I recently read a quote by Danielle Steel, a secular writer, in a secular book on writing.

“Where do the ideas come from? I don't really know. I've always had a deeply religious feeling about my writing. I feel very unimportant in the scheme of it all. I pray a lot before I start a book and as I work through it. And the less important I feel the better the book goes.”

Let me deal briefly here with four aspects of prayer that are essential to writing.


We spend time in prayer to develop intimacy with God. The more time you spend in direct fellowship with God the more He shapes your character.


Character development is painful. We need to allow God to make changes in our lives. And we have to come to Him with a tender heart repenting of attitudes and actions that do not please Him.


To get the most nourishment we need to pray the word of God. We take prayer to the level of meditation by memorizing a scripture and then thinking about it over time, maybe several days.

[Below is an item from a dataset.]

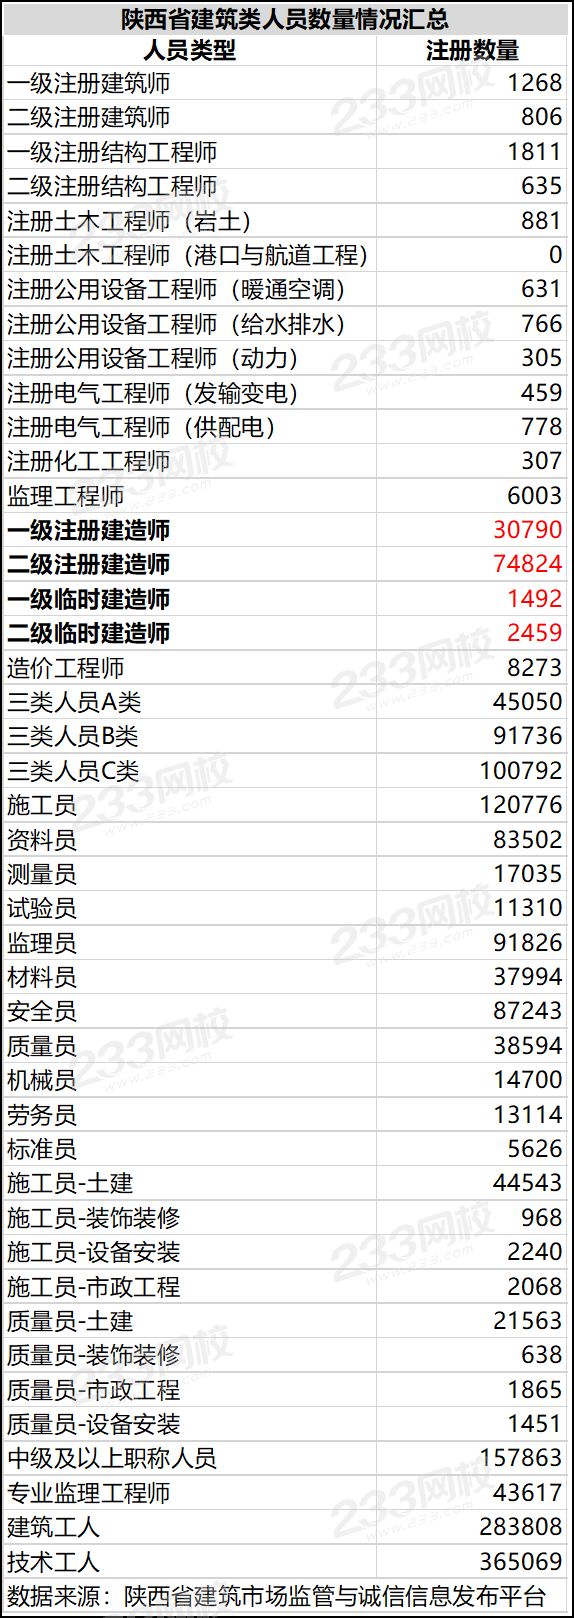 陕西建筑类人员数量一览表.png

Many years ago I pastored church in a rural community in Texas. I am convinced that during the five years I served there a man who died shortly before I came continued to have the most Godly influence of anyone in that community. His wife told me every morning as he began his day he would fix a Bible verse in his mind. Then he would repeat that verse over and over all day long. And God developed his character and multiplyied the fruit of his life.


Praise is sometimes a neglected element of our prayer life. And yet nothing that I know of develops faith, courage, hope, joy, or peace as thoroughly as praising God for who He is and what He does.


Do you spend time talking to God about His mission for your life? Sense of mission it is essential to the attractiveness and benefit of your writing. This is of course true in writing Christian non-fiction. But it is also an underlying foundation for all writing, fiction or nonfiction.